The financial market forecast for 2022 inflation fell for the eighth week in a row. According to the Focus Bulletin, released today (22) by the Central Bank, the Broad Consumer Price Index (IPCA), considered the country’s official inflation, fell from 7.02% to 6.82% in one week. Four weeks ago, market expectations were for an IPCA at 7.3% this year.
Boletim Focus is a weekly publication that brings together the projection of around 100 financial market institutions for the country’s main economic indicators.

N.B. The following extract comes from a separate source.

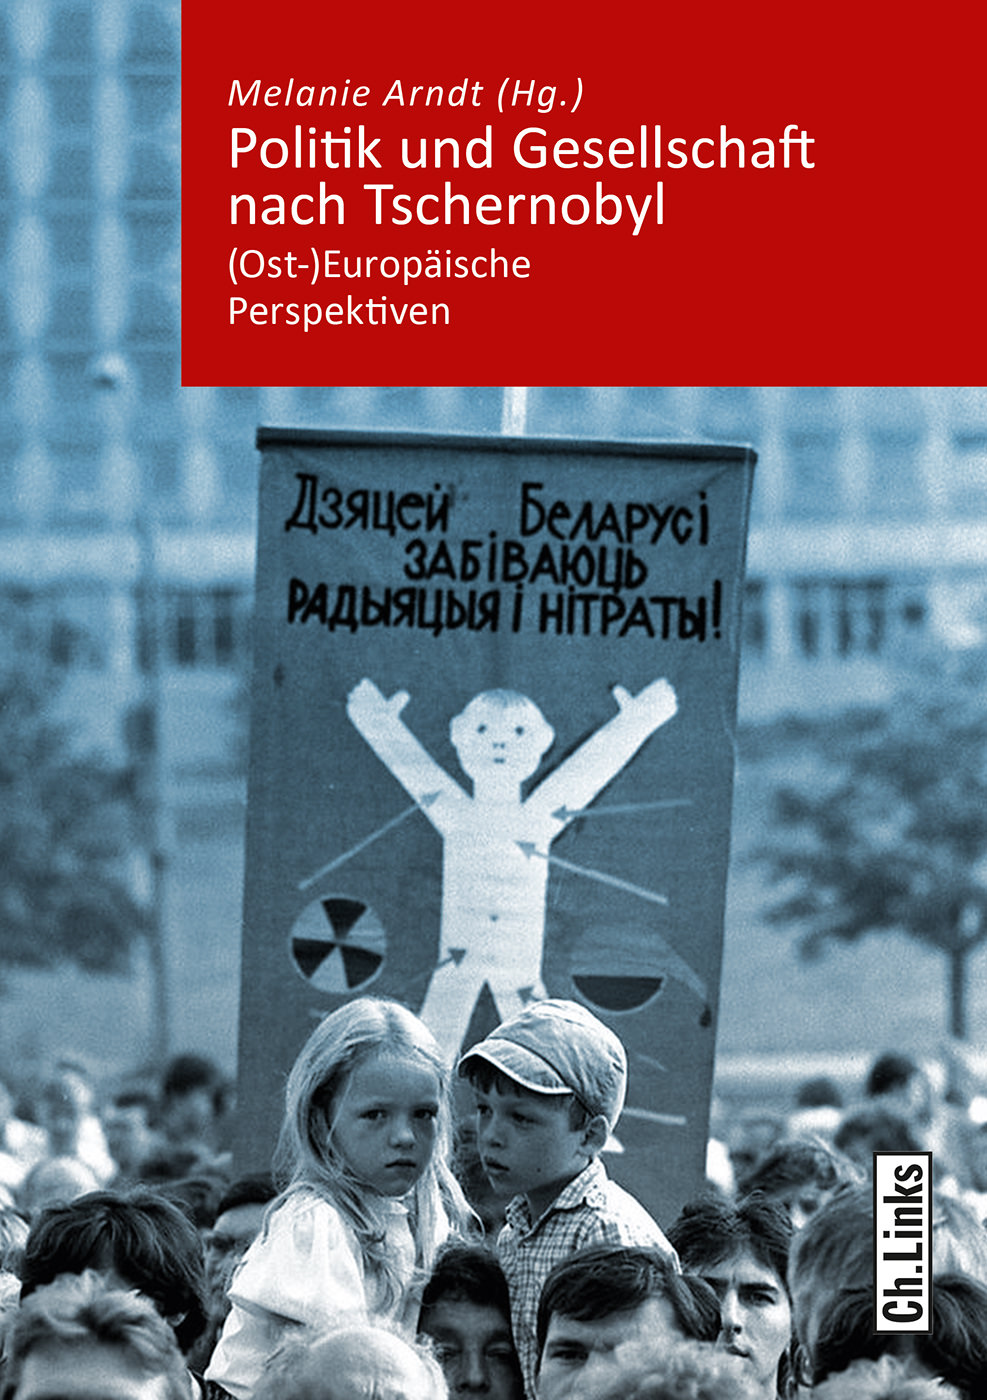 Melanie Arndt (Hg.): Politik und Gesellschaft nach Tschernobyl

Inflation expectations for 2023 also dropped: from 5.38% projected a week ago to 5.33% this Monday. For 2024 and 2025, inflation projections remain at 3.41% and 3%, respectively.
Selic and dollar
Projections for the basic interest rate, the Selic, also remain stable for both 2022 (13.75% per year) and for the following years: 11% per year, in 2023; 8% per year in 2024; and 7.5% per year in 2025.
The quotation of the real in comparison with the dollar also shows stability in the projections for this and the coming years. The expectation of the financial market is that the price of the US currency will reach R$ 5.20 both at the end of 2022 and 2023; and that 2024 and 2025 will close with the dollar costing R$5.10 and R$5.17, respectively.
GDP
The expectation for the Gross Domestic Product (GDP), the sum of all goods and services produced in the country, is at 2.02% for 2022. A week ago, the financial market forecast was that the year would end with a GDP in two%; and four weeks ago it was 1.93%.
For 2023, GDP is expected to rise by 0.39%. A week ago, the forecast was that the year would close with growth of 0.41%; and four weeks ago, the expectation of expansion of 0.49%.
For 2024 and 2025, financial market projections for GDP growth are stable, at 1.8% and 2%, respectively.